On the equivalence of global quadratic growth condition and second-order sufficient condition

Abstract

The main purpose of this thesis is to study various properties of quadratically constrained quadratic programming problems. We concentrate on the existence of solutions and global second-order sufficient conditions for the quadratic problems. First, we study the existence of global solutions for general quadratic programming problems. With the tool of asymptotical directions of sets, we provide an alternative proof for the nonemptiness of intersection of a sequence of nested sets defined by a finite number of convex quadratic functions, which can be applied to show the existence results of the corresponding optimization problems. We also prove the existence of global solutions of the convex quadratic program with convex quadratic constraints by an analytic approach. Next, we study the global quadratic growth condition and the global second-order sufficient condition for the quadratic programming problems.
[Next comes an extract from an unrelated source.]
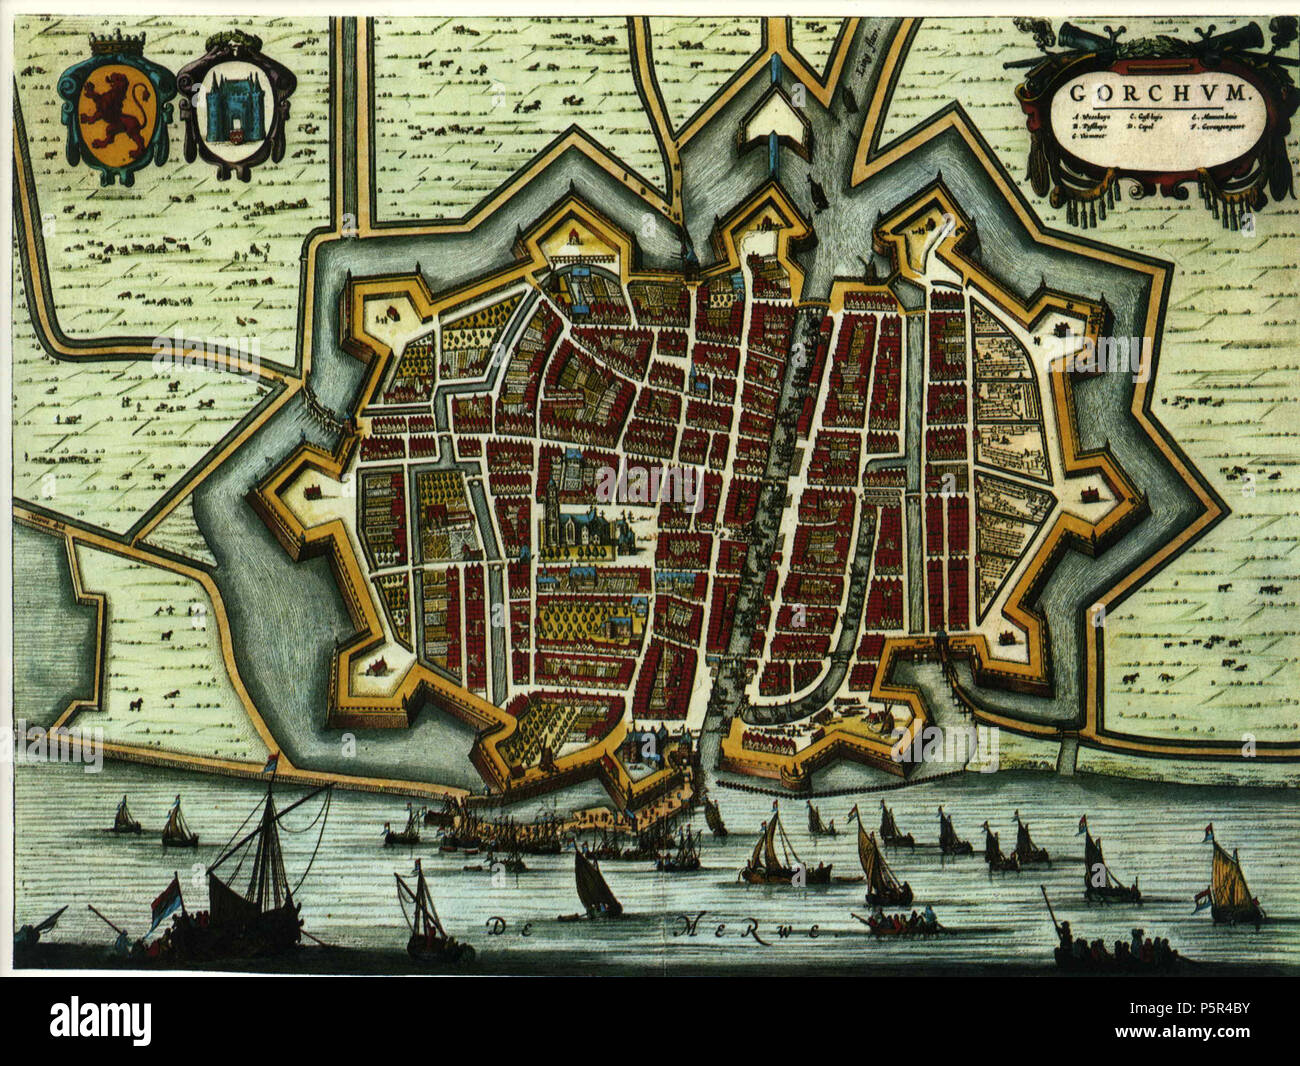 N/A. Gorkum from 'Blaeu's Toonneel der Steden' (Dutch city maps, Edited by Willem and Joan Blaeu), 1652. 1652. Willem and Joan Blaeu 207 Blaeu 1652 - Gorkum Stock Photo

By formulating the problem in the form of minimizing a maximum function of a finite number of quadratic functions, we study the relation between the global quadratic growth condition and the global second-order sufficient condition for the maximum function. As is shown, the global second-order sufficient condition implies the global quadratic growth condition. But the reverse implication is in general not true. We show that, when the solution set is a singleton and the number of quadratic term is 2, the reverse implication holds. For the homogeneous quadratic case, these two are equivalent. We then apply the corresponding results to the constrained optimization problem in standard form. Finally, we investigate the fractional programming problems. We present the S-lemma for the fractional functions. We also obtain the attainability property of various types of fractional programming problems.